Vu en avant-première aux Halles. Une excellent surprise. Un film d'une très grande sensibilité qui traite d'un sujet fort avec beaucoup de tendresse et sans jamais faire dans le mélo. Superbe Camille Cottin et les enfants sont également très bien dirigés.
« Les Enfants vont bien" est un film qui semble confondre lenteur et profondeur. La temporalité, étirée jusqu’à l’épuisement, ne sert ni le propos ni l’émotion elle finit seulement par rendre chaque scène péniblement interminable. Le casting des enfants, censé incarner la fraîcheur ou la spontanéité, devient rapidement un obstacle tant les interprétations sonnent faux, presque gênantes par moments. Quant à Camille Cottin, actrice pourtant redoutable lorsqu’un film lui offre matière à déployer sa palette, elle se retrouve ici étrangement éteinte, sous-exploitée, comme enfermée dans un rôle qui ne lui permet jamais d'exister. Je ne comprends pas comment un tel ensemble peut donner un résultat aussi désaccordé : c’est mal dirigé, mal joué, et parfois tellement maladroit (la juge, le policier, l'hopital,la relation de couple)que l’on en sort distrait, voire agacé. Ce qui surprend le plus, finalement, ce sont les avis complaisants qui entourent ce film. On croirait lire les retours de spectateurs peu habitués aux salles obscures, tant l’indulgence contraste avec l’expérience réelle : un film qui aurait pu être délicat, mais qui s'enlise dans une mollesse structurelle et un manque criant de justesse...parce que c'est ici le juste qui est recherché ! Un ensemble profondément décevant, presque embarrassant par moments par endroits. Ce film mime une profondeur qu'il n'a pas , pseudo-intelectuel en dilettante... Ils ont trop forcé un style...de film...

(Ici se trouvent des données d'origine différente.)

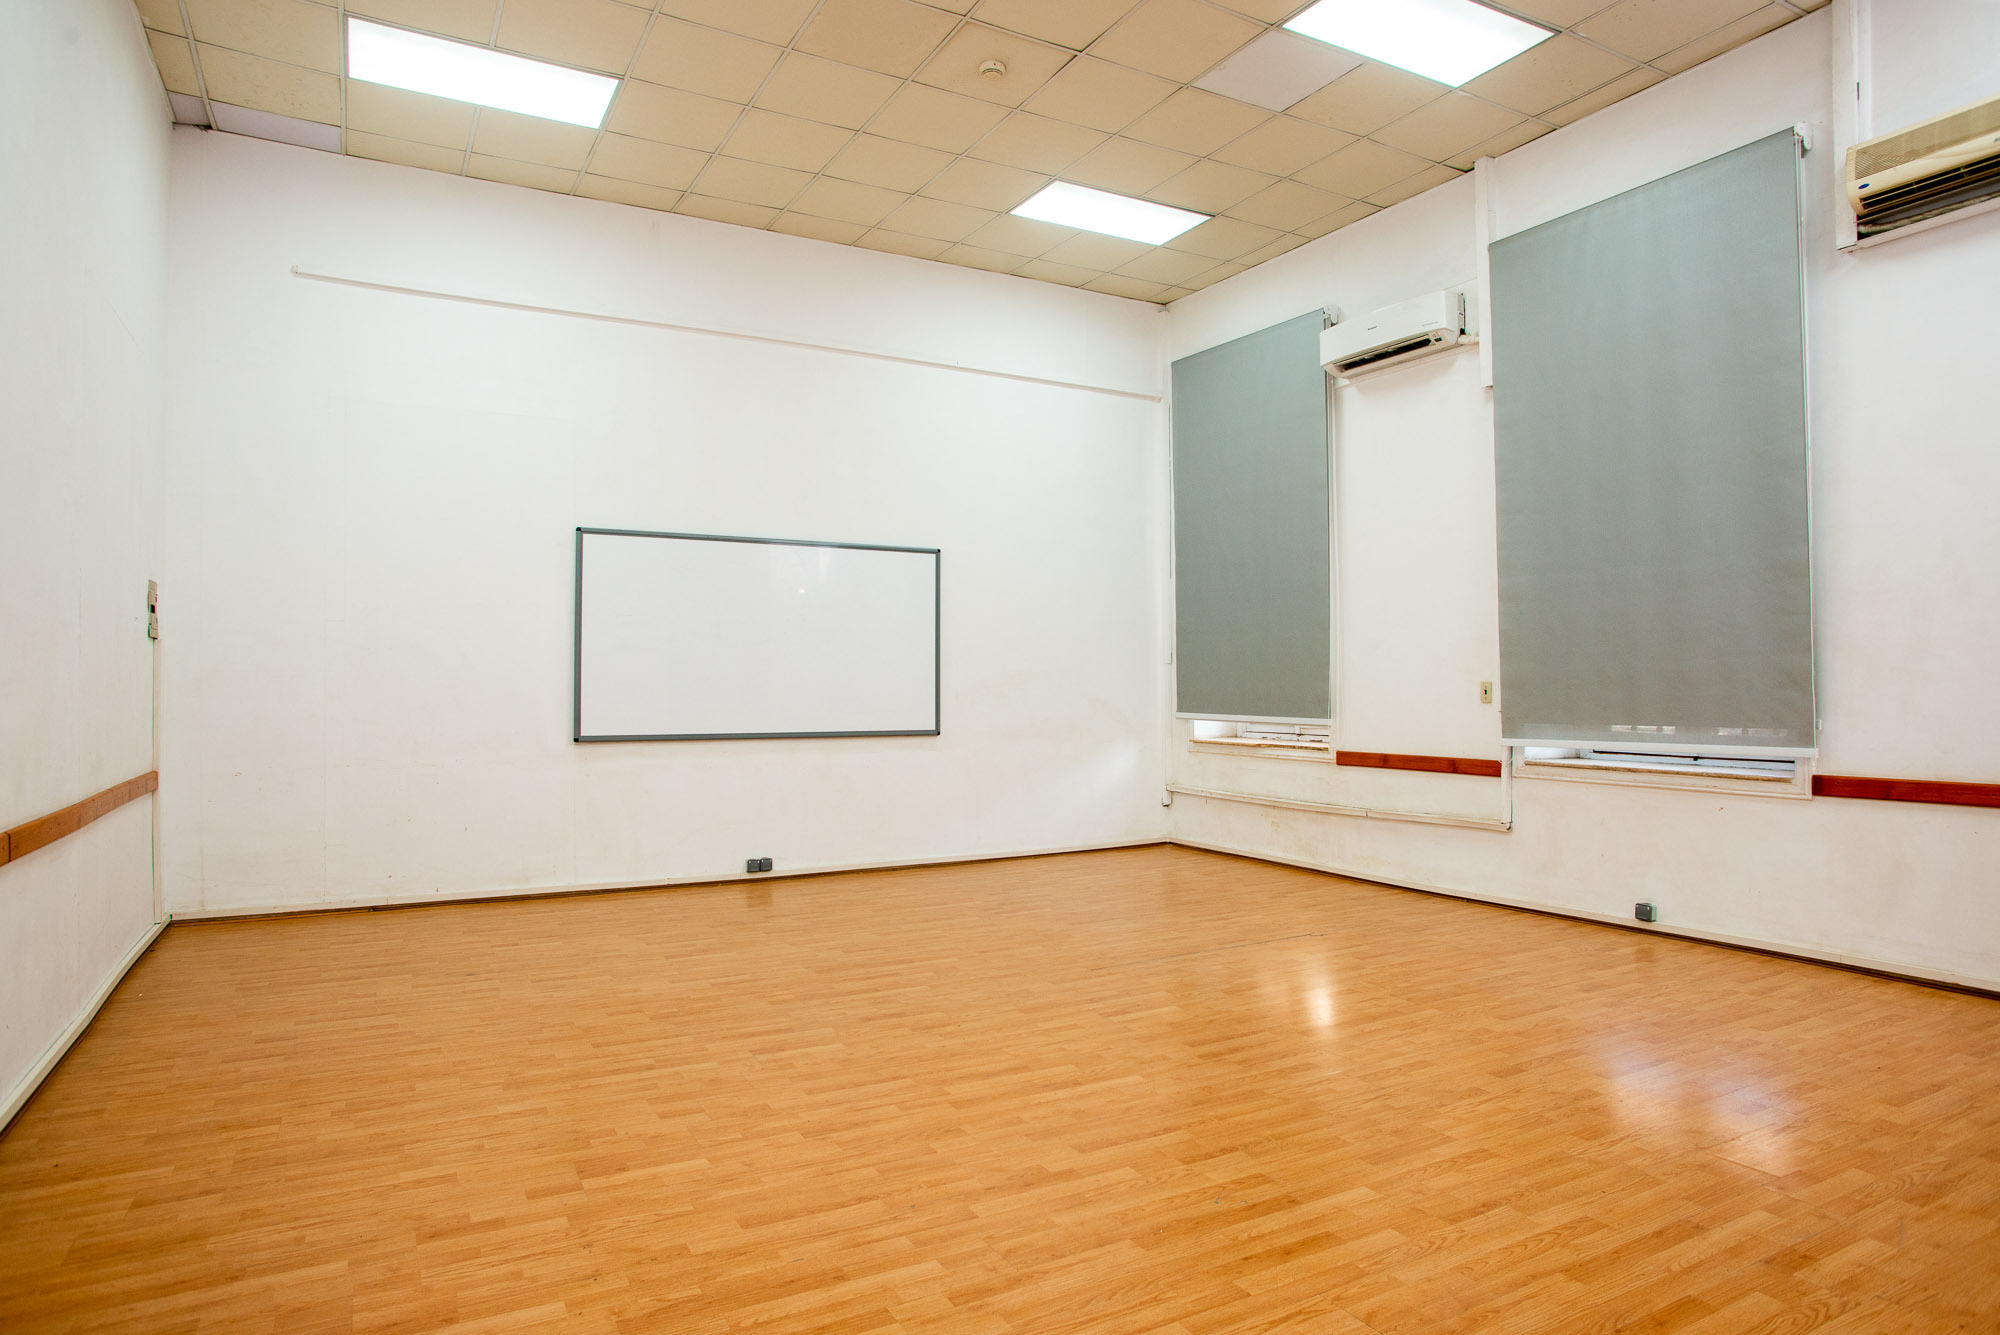 Empty room with a board

La première image m’a rappelé ces matins troubles chez Mia Hansen-Løve — lumière douce, chaleur tiède, silence fragile. Dans Les Enfants vont bien, je sens immédiatement que je suis invité à entrer dans l’absence, pas à la regarder de loin. Je regarde Jeanne (Camille Cottin) ouvrir la porte. Et, sans savoir pourquoi, je retiens déjà mon souffle. J’ai pensé à Un jour si blanc de Hlynur Pálmason : ce moment où le quotidien se fissure sans prévenir. Ici, c’est Suzanne qui disparaît. Volontairement. Et le film me laisse face à ce mot laissé sur la table, comme si je venais moi-même de le trouver. Je ne peux pas m’empêcher de penser à la froideur délicate de L’Adieu à la nuit ou aux fractures intimes chez Joachim Lafosse : cette manière de filmer la faille dans une famille, sans hurlement. Le vide s’installe. Je le sens dans mon ventre, dans ma gorge — dans la manière dont la caméra suit Jeanne, avec une retenue pudique. J’aime ça : cette façon de ne jamais manipuler l’émotion, de la laisser dériver. Quand les enfants traversent le salon, je pense aux silhouettes dans les films de Kore-eda, ces corps minuscules qui tentent de comprendre ce qu’on ne leur explique pas. Ici, rien n’est surexposé. Un souffle. Une main qui hésite. Un jouet qui tombe. C’est suffisant. Oui, certains diront que le film s’étire — pourtant c’est cette lenteur qui me touche. Elle me rappelle Still Walking : une patience blessée, où chaque détail devient signifiant. Les Enfants vont bien ne cherche pas la scène pivot. Il choisit l’attente. Et j’aime cette façon de raconter une disparition volontaire comme un désastre intime — sans musique, sans geste trop large. À la fin, je reste devant l’écran comme devant une salle vide. Un silence que je reconnais. Un silence qu’on a déjà vécu. Ma note : 18 / 20
Une histoire étonnante d'une mere qui abandonne ses enfants. Malheureusement , on ne connaît pas le fin mot de l'histoire , c'est très lent et long et donc au final très peu d’intérêt.